Advertisement

Vincent Foster’s sister: Trump’s comments are ‘beyond contempt’

Donald Trump speaks at the Williston Basin Petroleum Conference, in Bismarck, N.D. (Photo: Charles Rex Arbogast/Associated Press)
Donald Trump speaks at the Williston Basin Petroleum Conference, in Bismarck, N.D. (Photo: Charles Rex Arbogast/Associated Press)

Sheila Foster Anthony, sister of former Clinton White House aide Vincent Foster, took to the Washington Post opinion page Thursday to admonish Donald Trump for his recent comments about her brother’s death.

Earlier this week, the same paper published an interview with Trump in which the presumptive Republican presidential nominee was quoted drudging up a decades-old conspiracy theory about Foster’s 1993 suicide.

“There are people who continue to bring it up because they think it was absolutely a murder,” Trump told the Post, noting that Foster “knew everything that was going on, and then all of a sudden he committed suicide.”

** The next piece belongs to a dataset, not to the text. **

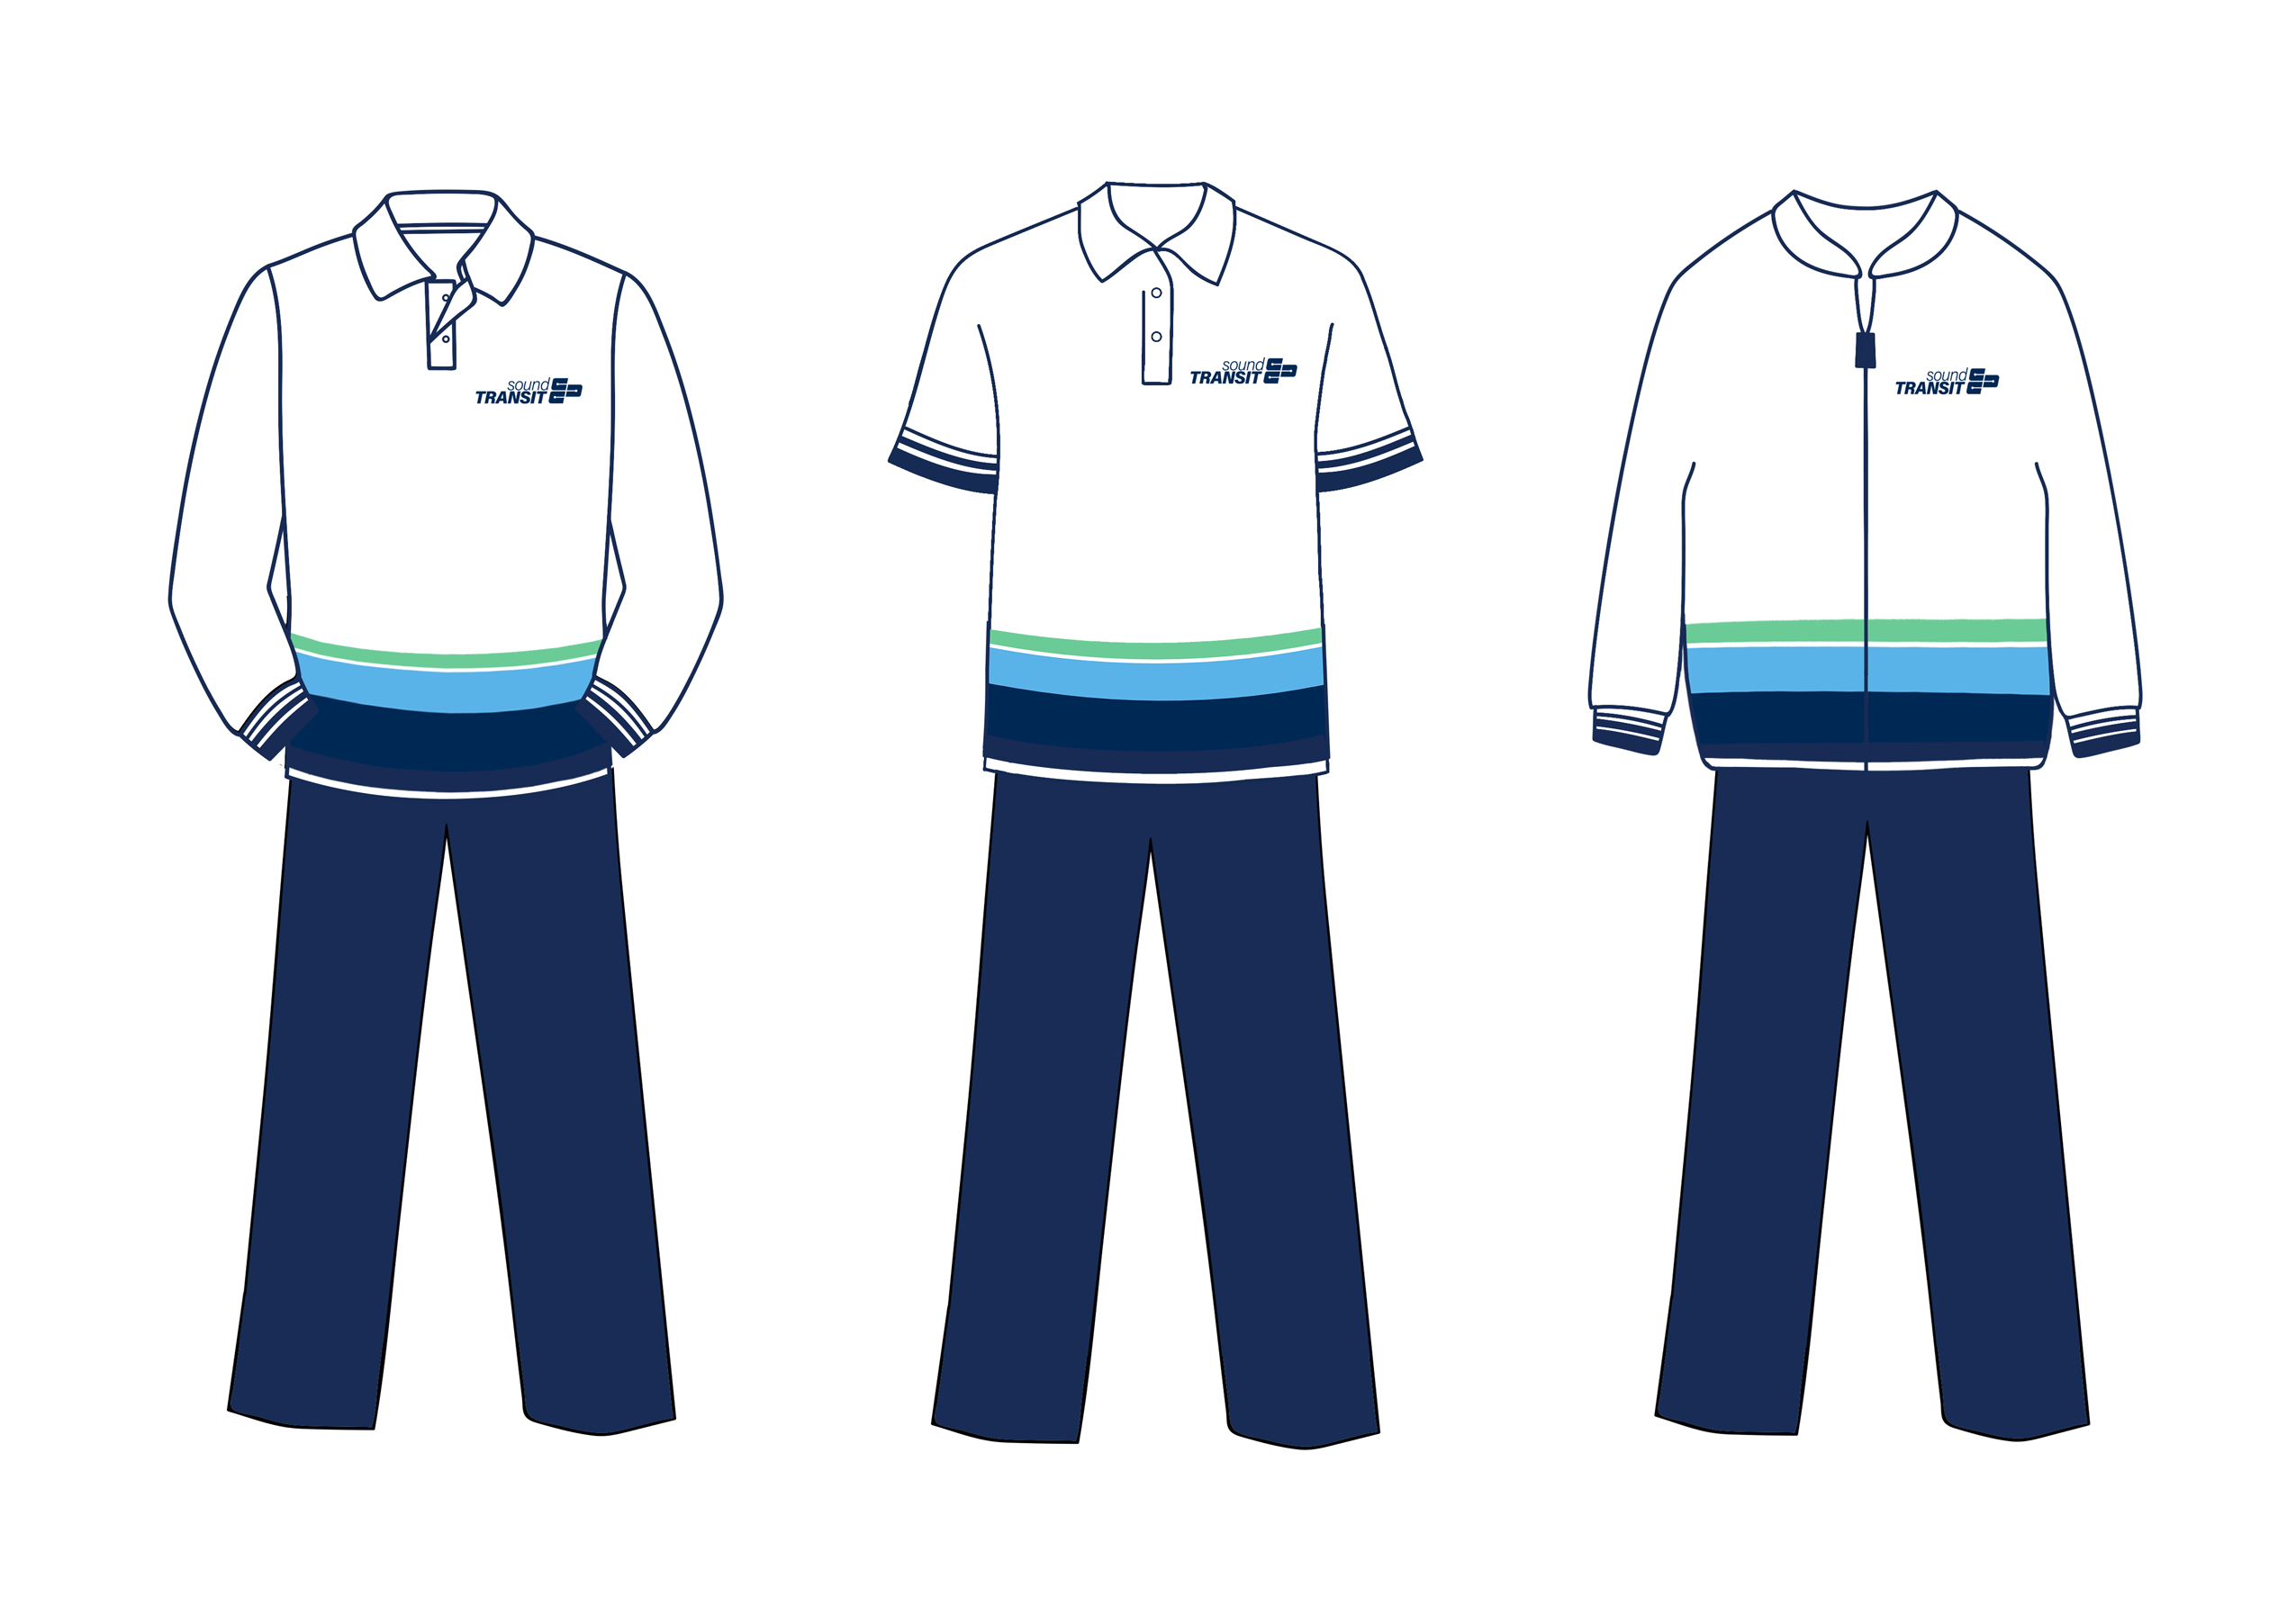 uniform-sets

The details of Foster’s death, Trump offered, were “very fishy.”

“It is beyond contempt that a politician would use a family tragedy to further his candidacy,” wrote Anthony, who previously served on the Federal Trade Commission.

Of Trump’s suggestion that her brother may have been murdered and that the Clintons could have in some way been involved, Anthony wrote, “How wrong. How irresponsible. How cruel.”

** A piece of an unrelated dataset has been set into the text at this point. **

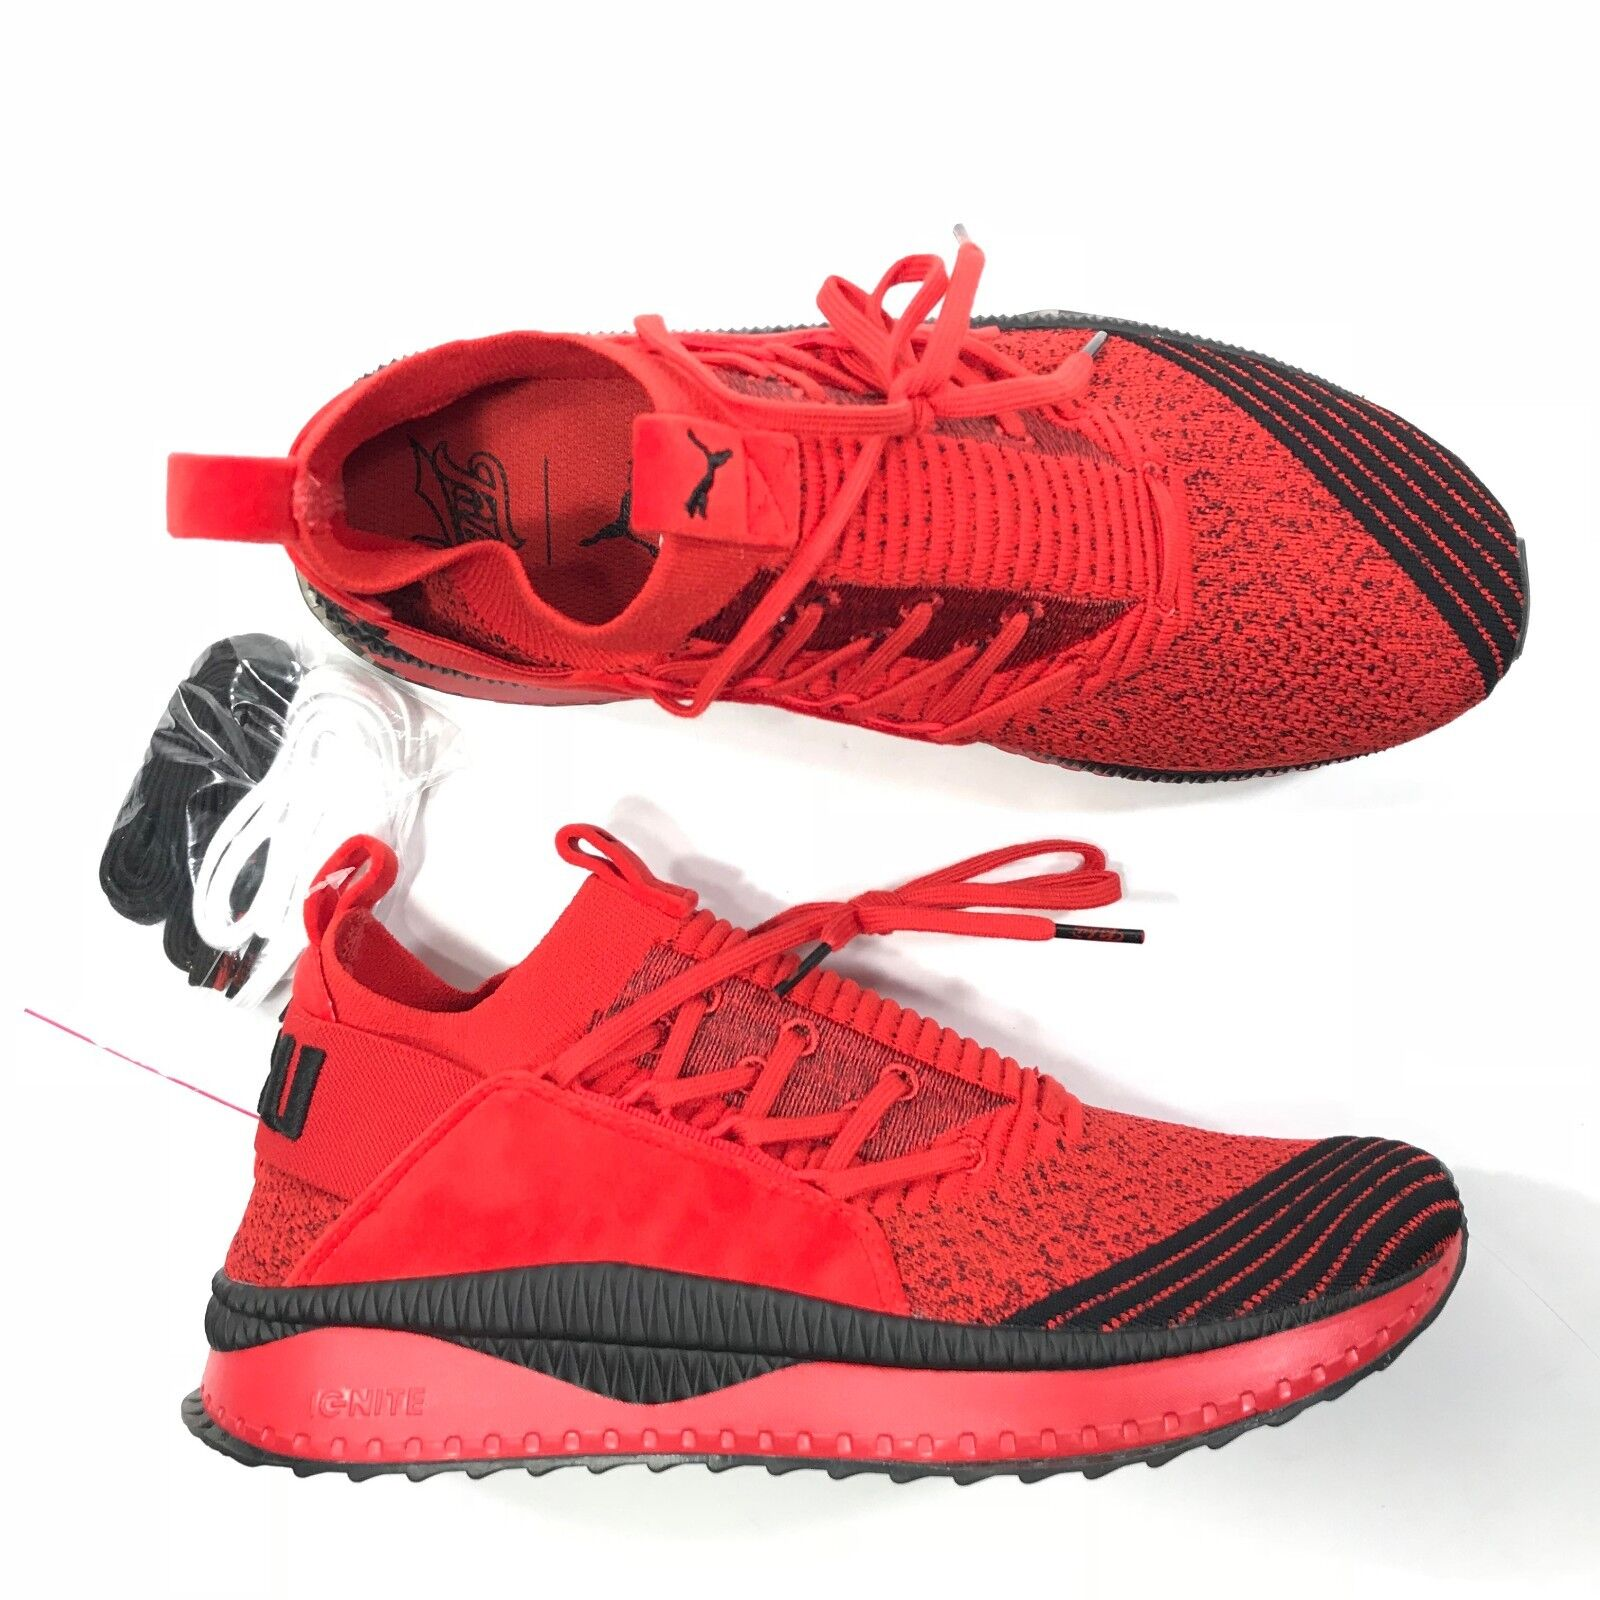 Puma x Fubu Mens Tsugi Sneakers W0119

Anthony and her family have weathered these kinds of “outrageous suggestions” for more than two decades, but Thursday’s op-ed was the first time she’s addressed the issue publicly. She said the decision to speak out was prompted by the Post’s request for response and insisted that, while she has donated to Hillary Clinton’s presidential campaign, her decision was not influenced by anyone inside the Clinton camp.

“For Trump to raise these theories again for political advantage is wrong,” she wrote. “I cannot let such craven behavior pass without a response.”

The truth is, Anthony wrote, Vincent suffered from depression and, a few days before his death, he’d called his older sister seeking help.

“He was worried that such an admission would adversely affect his top-level security clearance and prevent him from doing his job,” Anthony wrote, so she set out to find her brother a psychiatrist who could be discrete and provided him with a list of three names that was later discovered in his wallet after his death.

“I did not see a suicide coming, yet when I was told that Vince was dead I knew that he had killed himself,” she wrote. “Never for a minute have I doubted that was what happened.”

At a press conference Thursday afternoon, Trump backed off the conspiracy theory, telling reporters, “I really know nothing about the Vince Foster situation. I haven’t known anything about it.”

“Somebody asked me the question the other day and I said that a lot of people are skeptical as to what happened and how he died,” he said, adding, “I don’t think it’s something that should really be part of the campaign.”